- Born: 25 July 1875 Glasgow, Scotland
- Died: 21 December 1958 (aged 83) Edinburgh, Scotland
- Known for: Painter
- Father: William H McDougall

= Lily McDougall =

Scottish artist (1875–1958)

Lily Martha Maud McDougall (25 July 1875 - 21 December 1958), Lily McDougall, was a Scottish artist and hostess.

== Early life ==
McDougall was born in Glasgow. McDougall grew up in Glasgow and Bonnyrigg in an artistic family, and was encouraged to paint by her father, William H McDougall.

== Career ==
McDougall started her studies at the Royal Institution in Edinburgh. She later continued her studies in The Hague School of Art in Antwerp and in the Carrière Academy in Paris, after which McDougall returned to continue her work in Scotland.

McDougall had a studio at 45 Frederick Street in Edinburgh.

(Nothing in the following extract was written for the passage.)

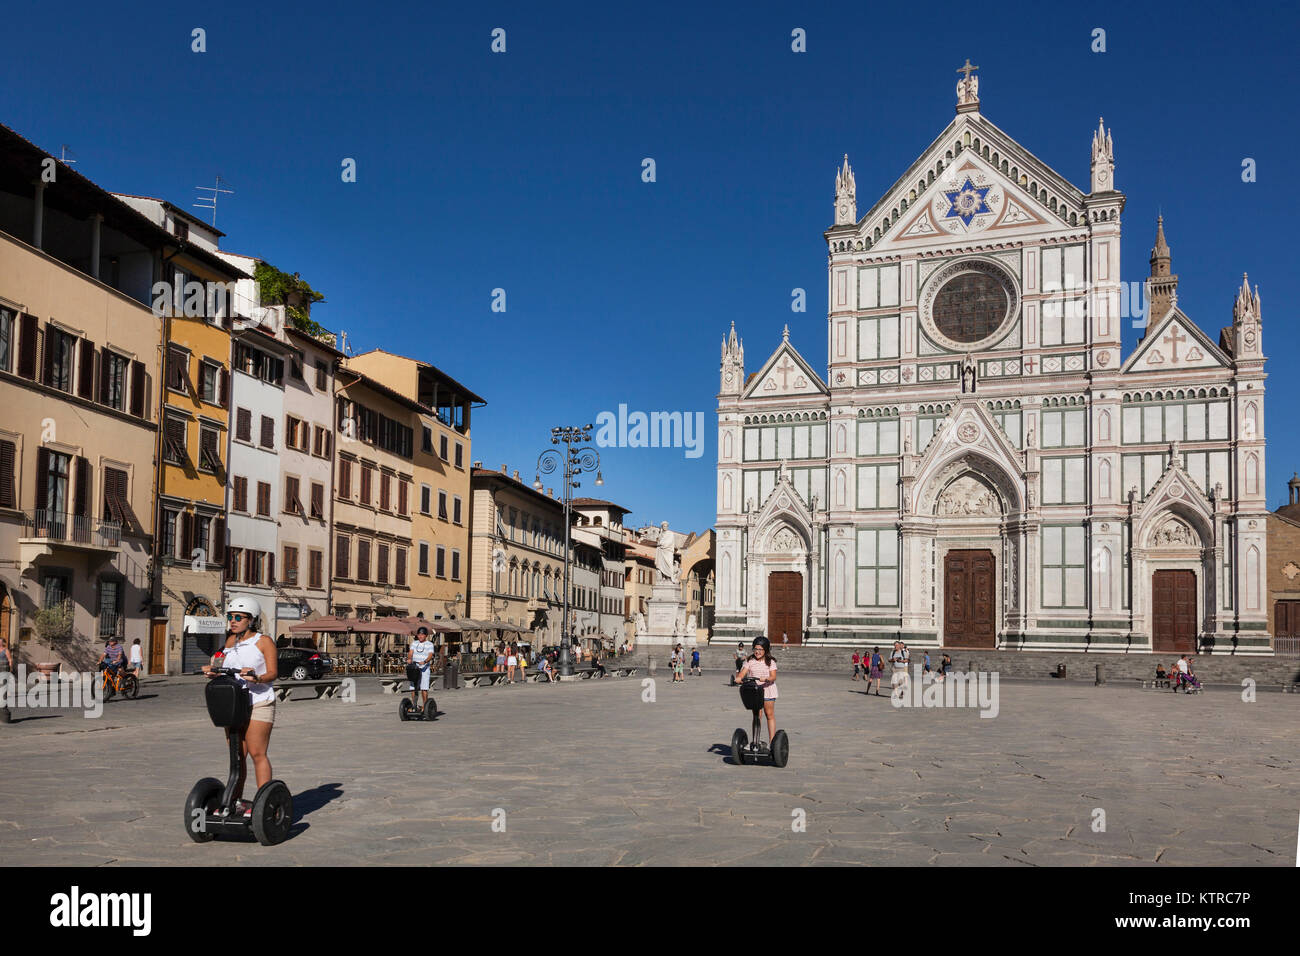 The Church of Santa Croce, Florence, Italy Stock Photo

Inspired by his daughter's efforts to exhibit her art, McDougall's father founded the Scottish Society of Women Artists (SSWA), currently known as the Visual Arts Scotland, in 1924.

=== Art style ===
McDougall is most notably known for her flower paintings. Her paintings are mentioned to have influenced the works of William Gillies, a Scottish painter who had his studio space next to McDougall's on Frederick Street.